The Laser Problems and Solutions 1

 Problem#1

PRK Surgery. Photorefractive keratectomy (PRK) is a laser-based surgical procedure that corrects near- and farsightedness by removing part of the lens of the eye to change its curvature and hence focal length. This procedure can remove layers 0.25 µm thick using pulses lasting 12.0 ns from a laser beam of wavelength 193 nm. Low-intensity beams can be used because each individual photon has enough energy to break the covalent bonds of the tissue. (a) In what part of the electromagnetic spectrum does this light lie? (b) What is the energy of a single photon? (c) If a 1.50-mW beam is used, how many photons are delivered to the lens in each pulse?

Answer:

Visible light has wavelengths from about 400 nm to about 700 nm.
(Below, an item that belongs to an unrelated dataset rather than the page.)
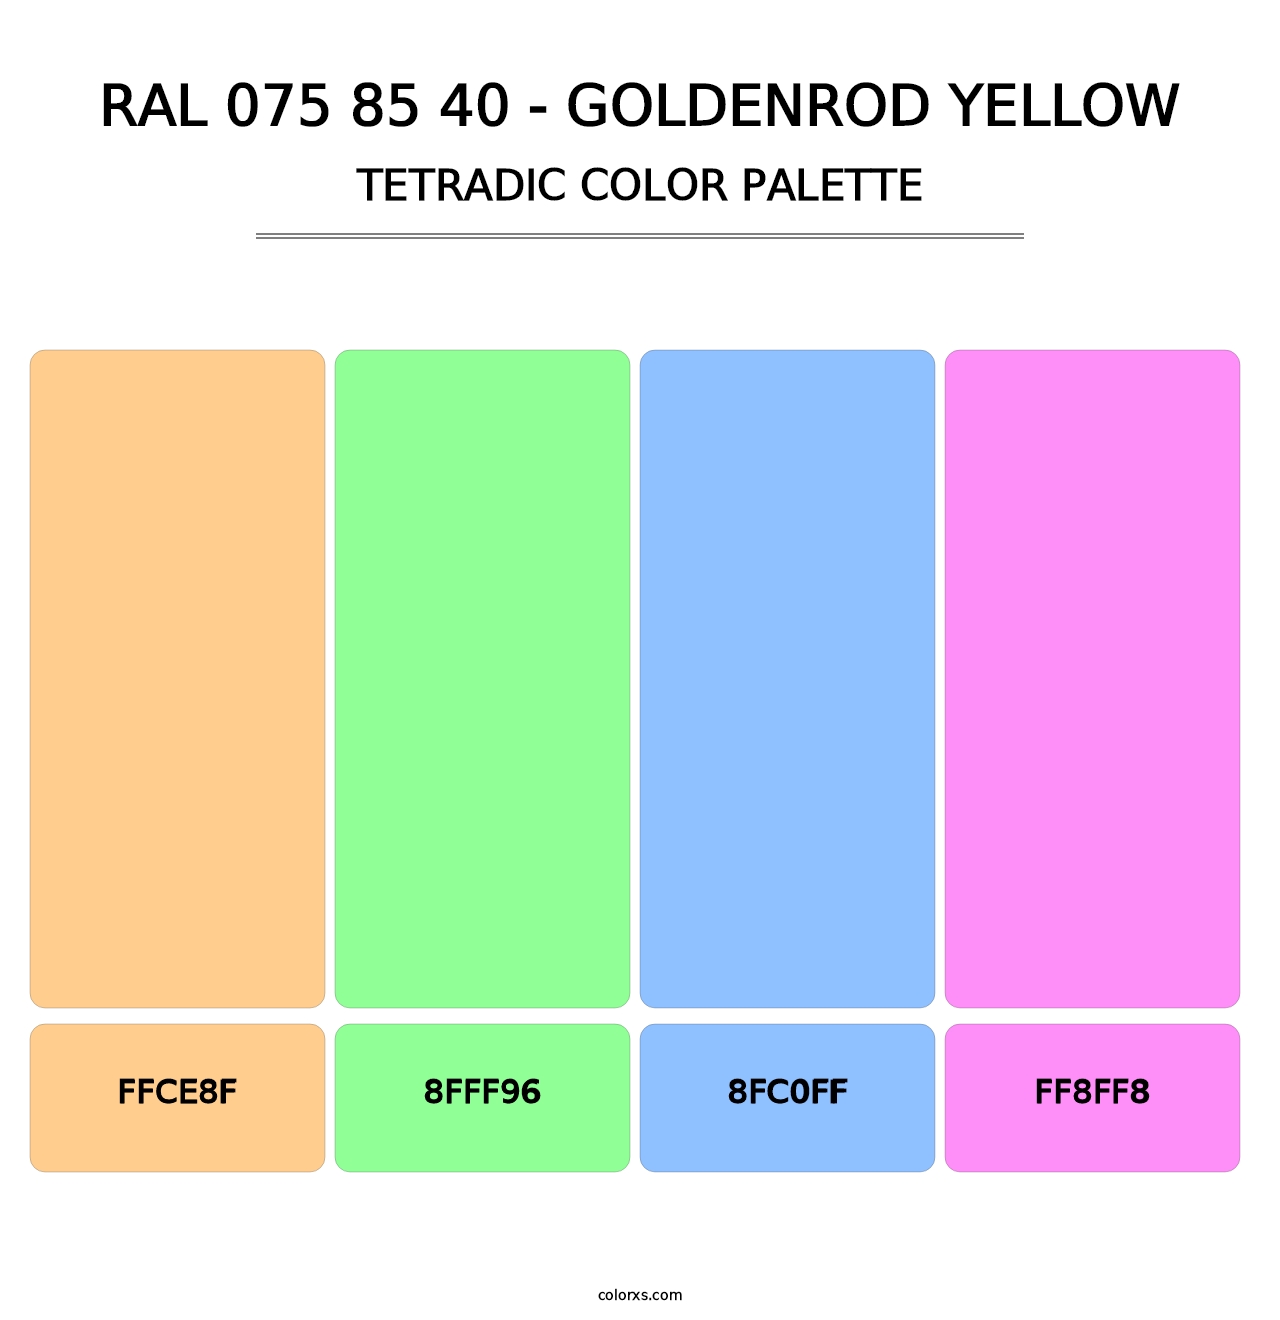 RAL 075 85 40 - Goldenrod Yellow - Tetradic Color Palette

The energy of each photon is

E = hf = hc/λ = (1.99 x 10^-25 J.m)/λ

The power is the total energy per second and the total energy E_tot is the number of photons N times the energy E of each photon.
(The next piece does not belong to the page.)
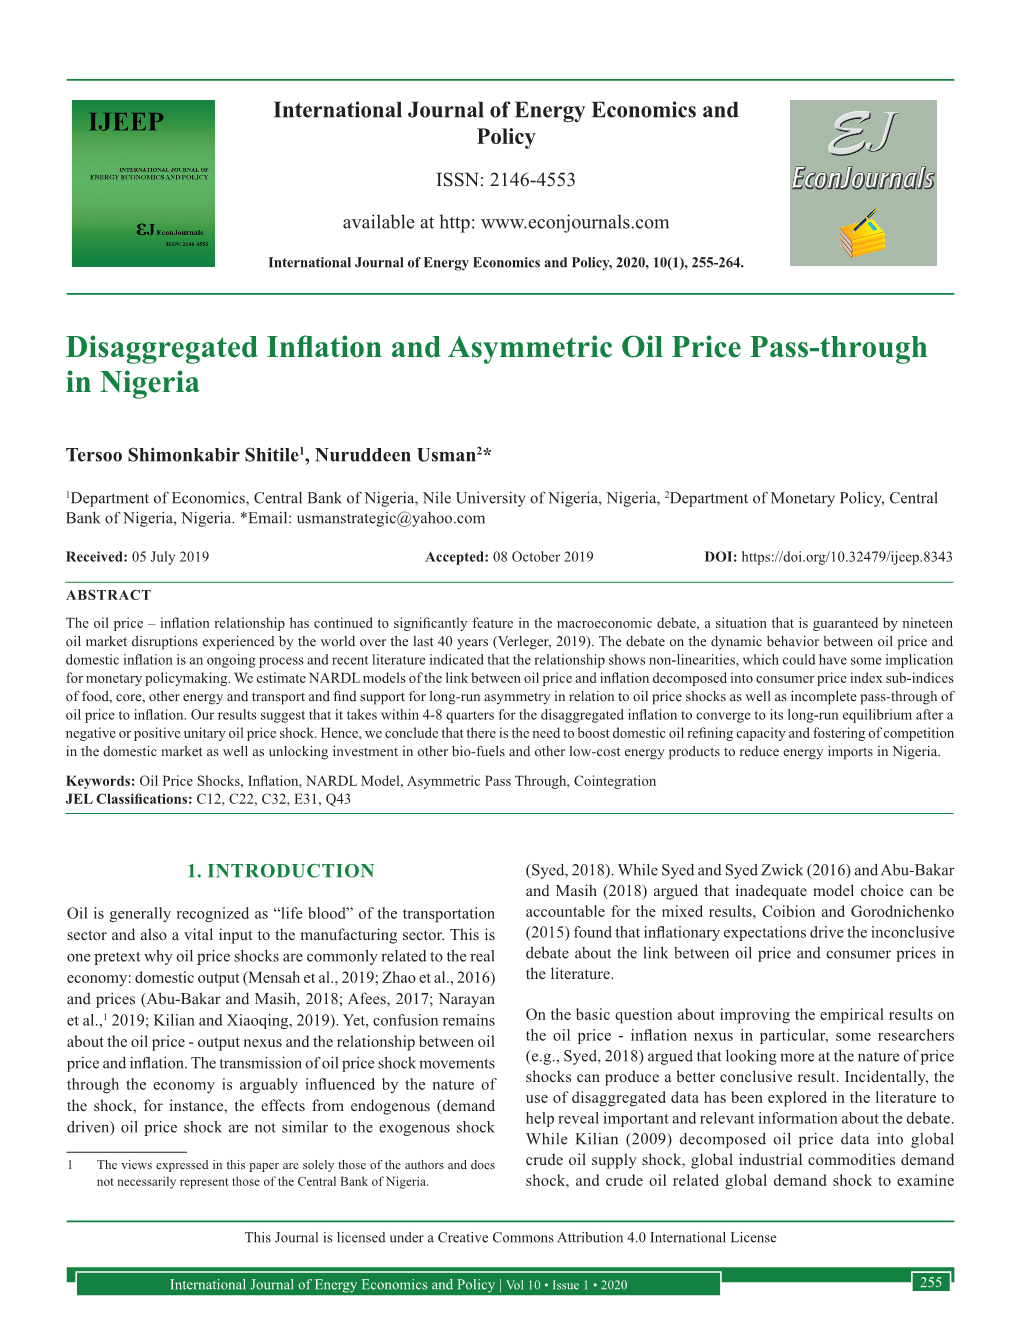 Disaggregated Inflation and Asymmetric Oil Price Pass-Through in Nigeria

(a) 193 nm is shorter than visible light so is in the ultraviolet.

(b) E = hf = hc/λ = (1.99 x 10^-25 J.m)/(193 x 10^-9 m) = 1.03 x 10^-18 J = 6.44 eV

(c) P = E_tot/t = NE/t, so

N = Pt/E = (1.50 x 10^-3 W)(12.0 x 10^-9 s)/(1.03 x 10^-18 J) = 1.75 x 10⁷ photons

A very small amount of energy is delivered to the lens in each pulse, but this still corresponds to a large number of photons.

Problem#2

A large number of neon atoms are in thermal equilibrium. What is the ratio of the number of atoms in a 5s state to the number in a 3p state at (a) 300 K; (b) 600 K; (c) 1200 K? The energies of these states, relative to the ground state, E_5s = 20.66 eV are and E_3p = 18.70 eV. (d) At any of these temperatures, the rate at which a neon gas will spontaneously emit 632.8-nm radiation is quite low. Explain why.

Answer:

We use n_5s/n_3p = e^{-(E5s – E3p)/kT}

E_5s = 20.66 eV; E_3p = 18.70 eV and k = 1.38 x 10^-23 J/K

E_5s – E_3p = 20.66 eV – 18.70 eV = 1.96 eV (1.602 x 10^-19 J/1eV) = 3.140 x 10^-19 J

(a) T = 300 K

n_5s/n_3p = e^{-(E5s – E3p)/kT} = e^-75.79 = 1.2 x 10^-33

(b) T = 600 K

n_5s/n_3p = e^{-(E5s – E3p)/kT} = e^-37.90 = 3.5 x 10^-17

(c) T = 1200 K

n_5s/n_3p = e^{-(E5s – E3p)/kT} = e^-18.95 = 5.9 x 10^-9

(d) At each of these temperatures the number of atoms in the 5s excited state, the initial state for
the transition that emits 632.8 nm radiation, is quite small. The ratio increases as the temperature increases.

Problem#3

Figure 1 shows the energy levels of the sodium atom. The two lowest excited levels are shown in columns labeled ²P_3/2 and ²P_1/2. Find the ratio of the number of atoms in a state to the number in a ²P_3/2 state for a sodium gas in thermal equilibrium at 500 K. In which state are more atoms found?

Answer:

The energy of each of these excited states above the ground state is hc/λ where λ is the wavelength of the photon emitted in the transition from the excited state to the ground state.

We use (n₂P_3/2)/(n₁P_1/2) = e^{-(E2P3/2 – E2P1/2)/kT}

∆E_3/2-g = hc/λ₁ = (6.626 x 10^-34 J.s)(2.998 x 10⁸ m/s)/(5.890 x 10^-7 m) = 3.373 x 10^-19 J

∆E_1/2-g = hc/λ₂ = (6.626 x 10^-34 J.s)(2.998 x 10⁸ m/s)/(5.896 x 10^-7 m) = 3.369 x 10^-19 J

So ∆E_3/2-g – ∆E_1/2-g = 3.373 x 10^-19 J – 3.369 x 10^-19 J = 4.00 x 10^-22 J

Then (n₂P_3/2)/(n₁P_1/2) = 0.944. So more atoms are in the 2P_1/2 state.